Membrane permeability changes were studied by measuring lens voltage and resistance. Ion movements were monitored by measuring 22Na+ and 45Ca2+ fluxes, and internal free calcium was monitored by ion-selective microelectrodes. Opacification was quantified by photographing and analyzing back-scattered light.

RESULTS

pCMPS, at concentrations above 1 microM, produced a depolarization of membrane potential and decrease in membrane resistance.
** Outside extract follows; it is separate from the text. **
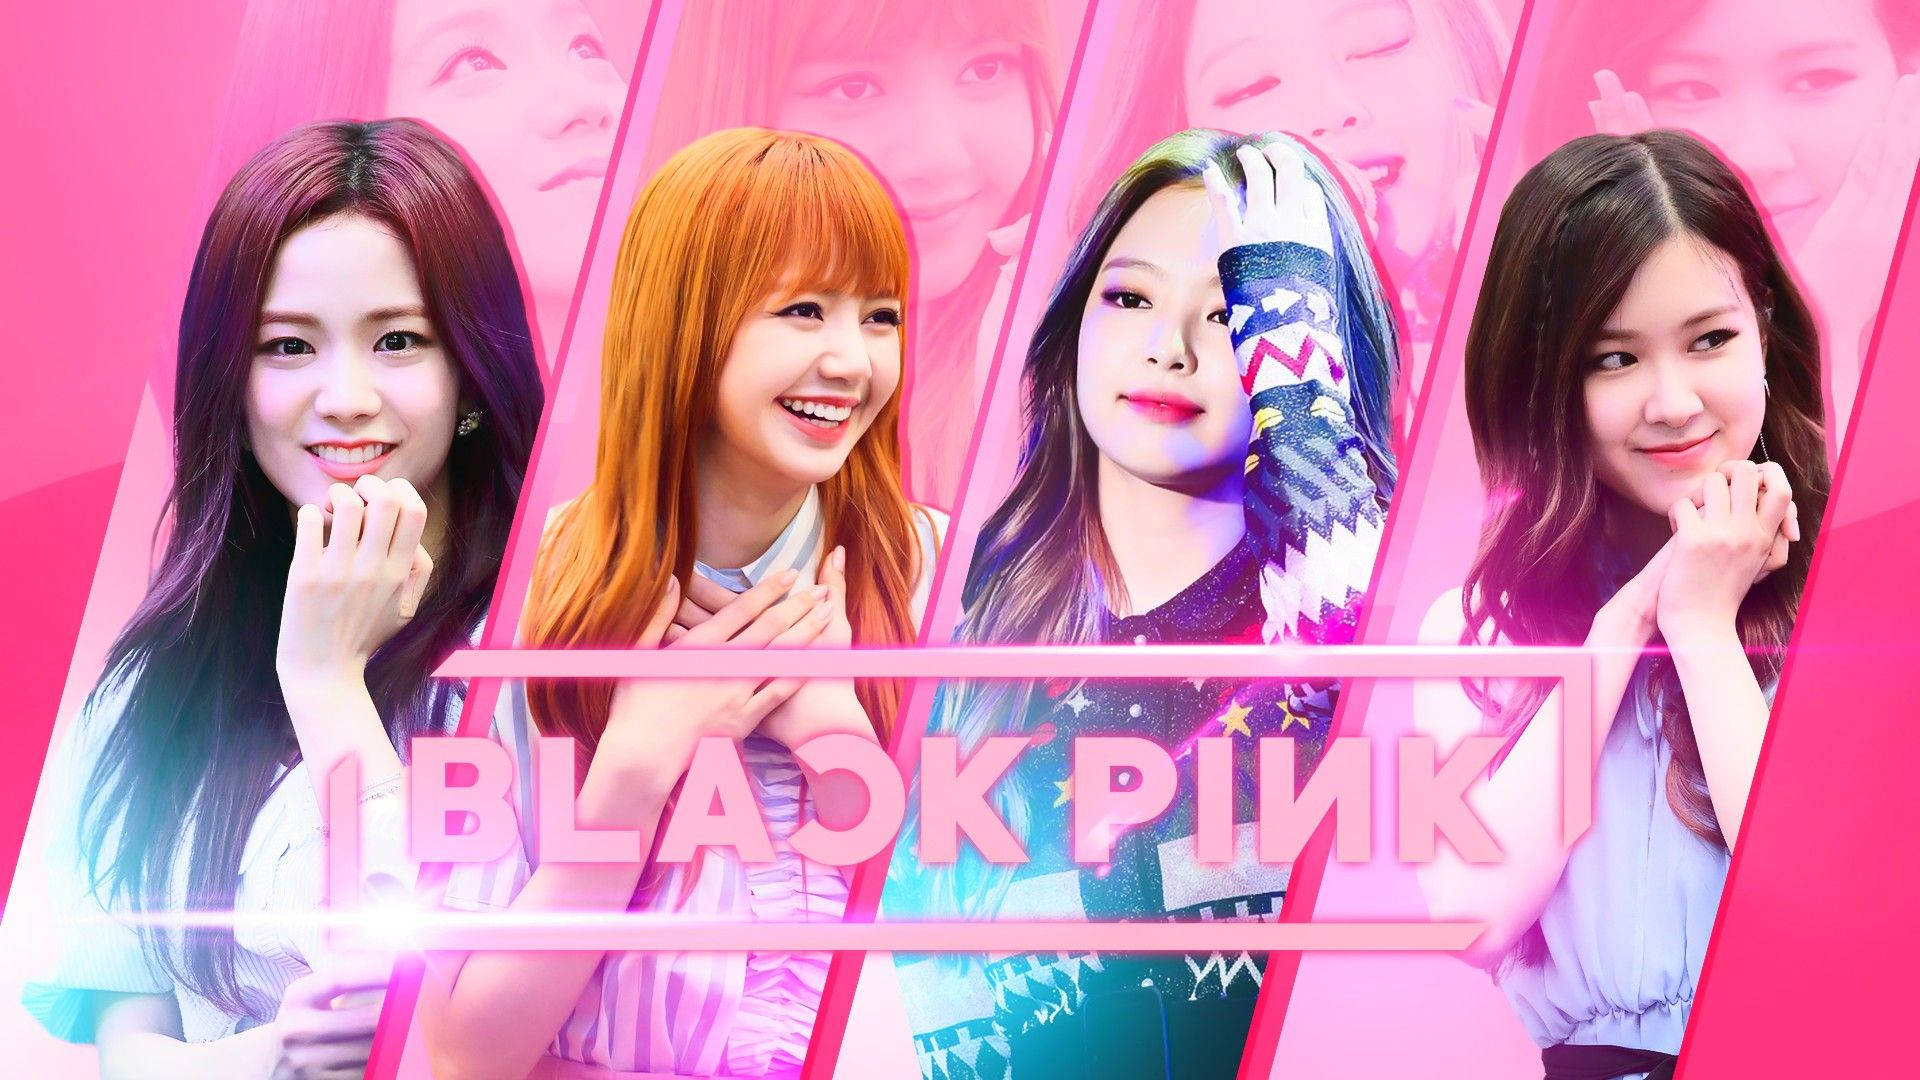 Blackpink Korean Girl Group

These changes were accompanied by a marked stimulation in 22Na+ and 45Ca2+ influxes into the lens. There was a concomitant loss of lens transparency, mainly in the bow region. The pCMPS-induced electrical changes could be prevented by substituting N-methyl-D-glucamine for Na+ in the external medium. Na(+)-free solution alone increased 45Ca2+ influx, and the addition of pCMPS further stimulated the influx. Quinine (300 microM) was found to reduce the pCMPS-induced stimulation of 22Na+ and 45Ca2+ influxes and also to reduce opacification.

CONCLUSIONS

pCMPS at low concentrations induces many of the cation permeability changes previously found to occur with age and cataract in the lens. The fact that quinine can ameliorate pCMPS-induced changes in ion movements and opacification suggests a novel approach for membrane-based anticataract strategies.